The planning data is wildly low for each of these fields, and I wonder

if because of that error the planner thinks it can keep all these id's

in ram while it works. Analyze doesn't fix it.   Increasing the

statistics target improves the data in n_distinct but not

considerably, as increasing it 3 or 4 fold leads to it still being

wildly off.  ALTER TABLE set n_distinct doesn't seem to be used by the

planner as it doesn't change any of the plans I've generated or seem

to be taken into account in the row estimates. I'm out of ideas.

Anybody have any ideas?

Your data on log_raw.titleid is probably clustered, so that any given page of the table all has the same value for titleid. This really messes up the sampling algorithm used by ANALYZE.  To overcome that, you would have to increase the statistics target by 3 or 4 orders of magnitude, not a factor of 3 or 4.

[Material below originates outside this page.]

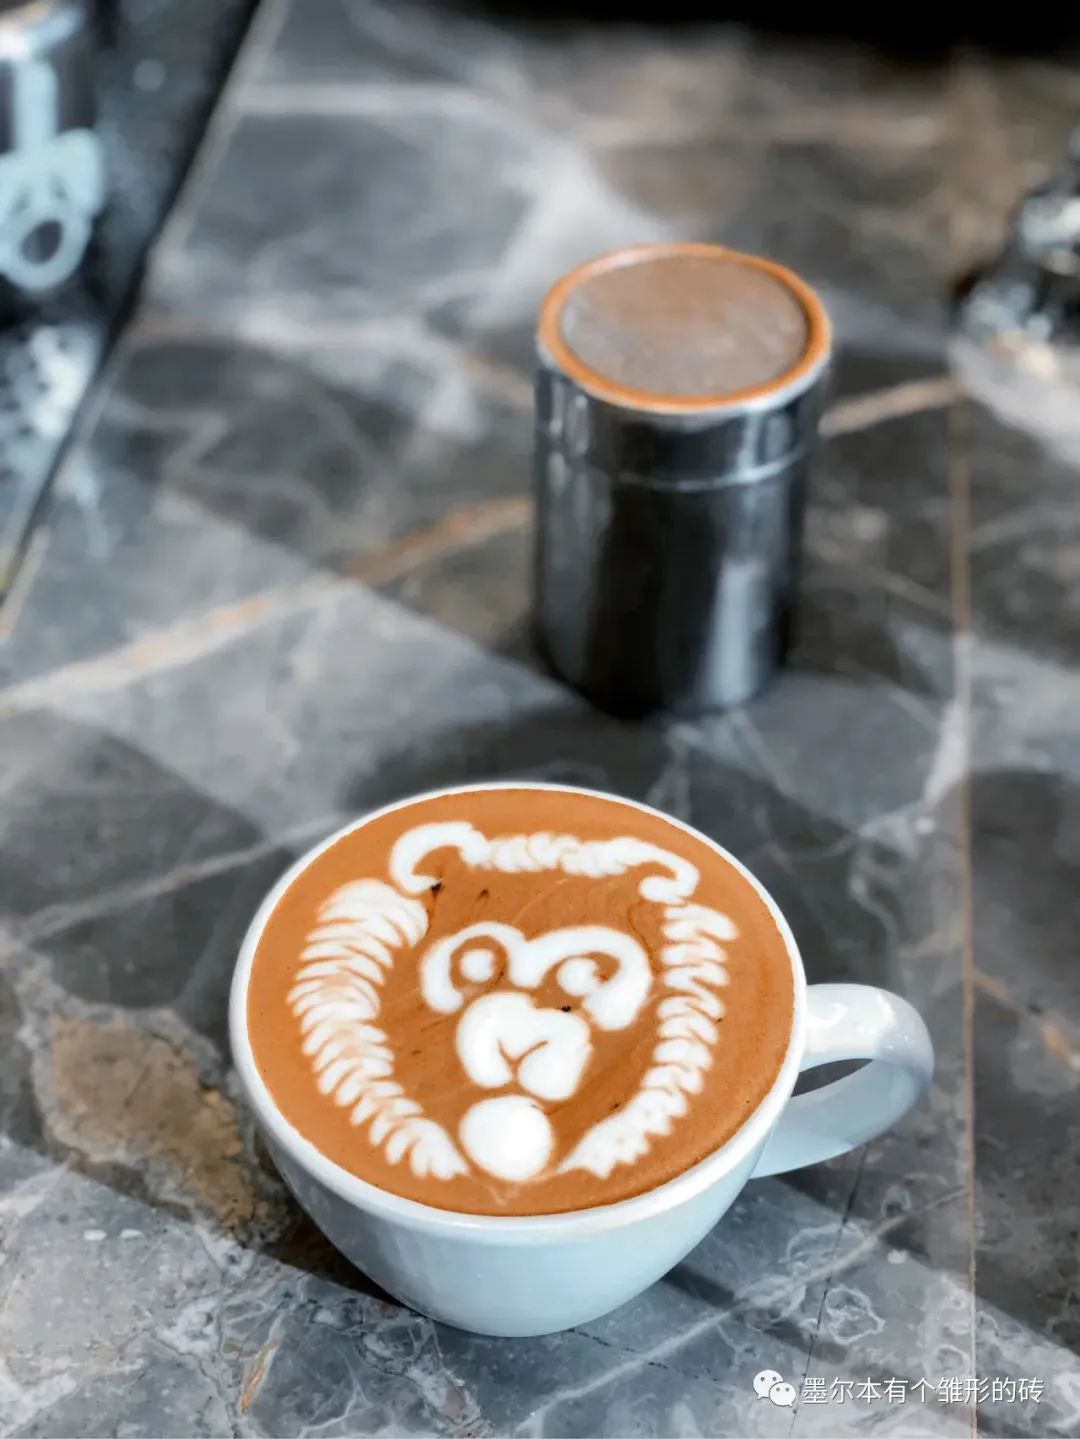 当咖啡师生活在墨尔本，是随手可得的幸福感

However, that doesn't seem to be the actual problem.  Surprisingly enough, a hash anti-join doesn't automatically de-duplicate the hash table as it is being built.  So n_distinct correctly does not have an influence on the estimated RAM usage, because it doesn't influence the actual ram usage either.

It sounds like your work_mem is set way too high.  What is it set to?  And what version of PostgreSQL are you using?

Cheers,

Jeff